July 4, 2026 | African Meridian
As Africa grapples with its debt burden, a growing chorus of experts is reframing the problem. The core issue, they argue, is not simply the total volume of debt but the changing structure of the liabilities — and the way that structure amplifies systemic risk across economies. The solution they point to is a fundamental shift toward concessional and local-currency lending, anchored in a new financing architecture.
The structural concerns are specific and interlocking. High domestic risk premiums mean governments pay steep interest rates to borrow, reflecting investor perceptions of risk and driving up the cost of servicing debt. Currency depreciation compounds the strain, since debts denominated in foreign currencies become more expensive to repay as local currencies weaken against the dollar — a dynamic that can inflate a country’s debt burden even without new borrowing.
Perhaps most worrying is what analysts call the bank-sovereign nexus: the deep interconnection between governments and their domestic banking systems. When domestic banks hold large volumes of government debt, the fortunes of the state and the banking sector become tightly bound. Trouble in one can quickly spread to the other — a struggling government can imperil the banks that lent to it, while a banking crisis can force costly state intervention. This feedback loop amplifies systemic risk, turning a fiscal problem into a threat to financial stability.
This structural lens explains why simply reducing debt volumes is not enough. A country could lower its total debt yet remain highly vulnerable if what remains is expensive, short-term, denominated in foreign currency and concentrated in its domestic banks. Addressing the composition and terms of debt — not just its headline size — is essential to genuine stability.

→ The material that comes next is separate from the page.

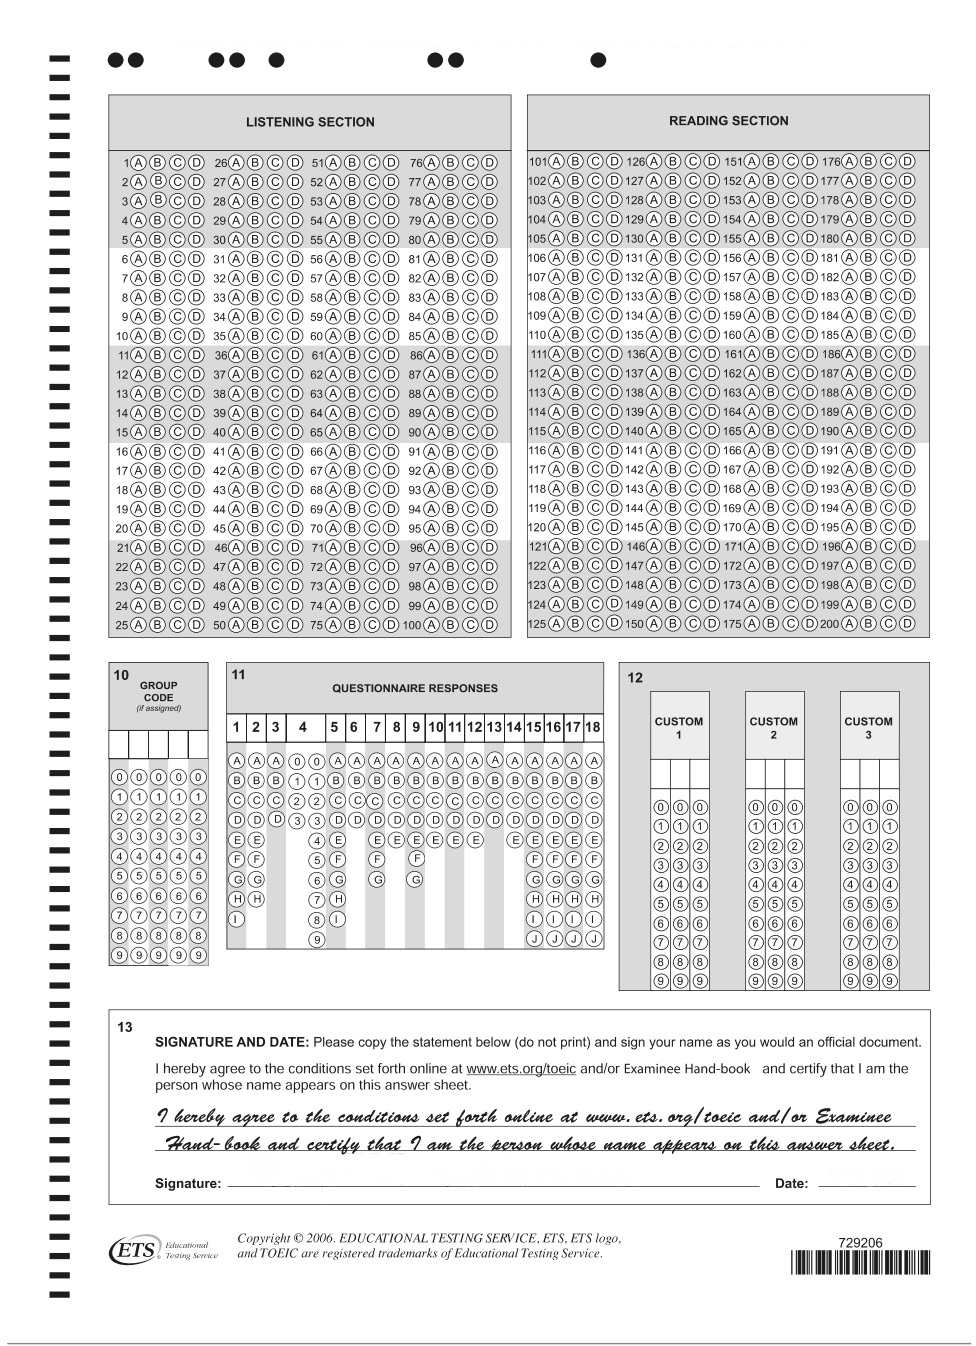 answer-sheet-toeic

That conviction is driving multilateral discussions centred on the African Development Bank’s push for a New African Financing Architecture for Development, known as NAFAD. The framework stresses the need for blended finance, de-risking mechanisms and, critically, local-currency lending tools designed to protect borrowers from exchange-rate volatility.
Each element targets a specific weakness. Blended finance combines public and private capital to make funding more available and affordable. De-risking mechanisms aim to lower the perceived risk of lending to African economies, easing those punishing risk premiums. And local-currency lending directly tackles the currency mismatch at the root of so much debt distress — if countries can borrow in their own currencies, they are shielded from the devastating effect of depreciation on their repayment obligations.
The proposals reflect a broader argument that the existing global financial system is poorly suited to African economies, exposing them to volatility and costs that entrench their difficulties. Reformers contend that a system offering more concessional, longer-term and local-currency financing would give the continent a fairer foundation for development.
The debate over NAFAD and related reforms is ultimately about whether Africa can borrow to develop without being trapped by the very structure of its debt. For the experts making the case, changing the shape of the continent’s liabilities is not a technical footnote — it is central to breaking the cycle of recurring debt crises.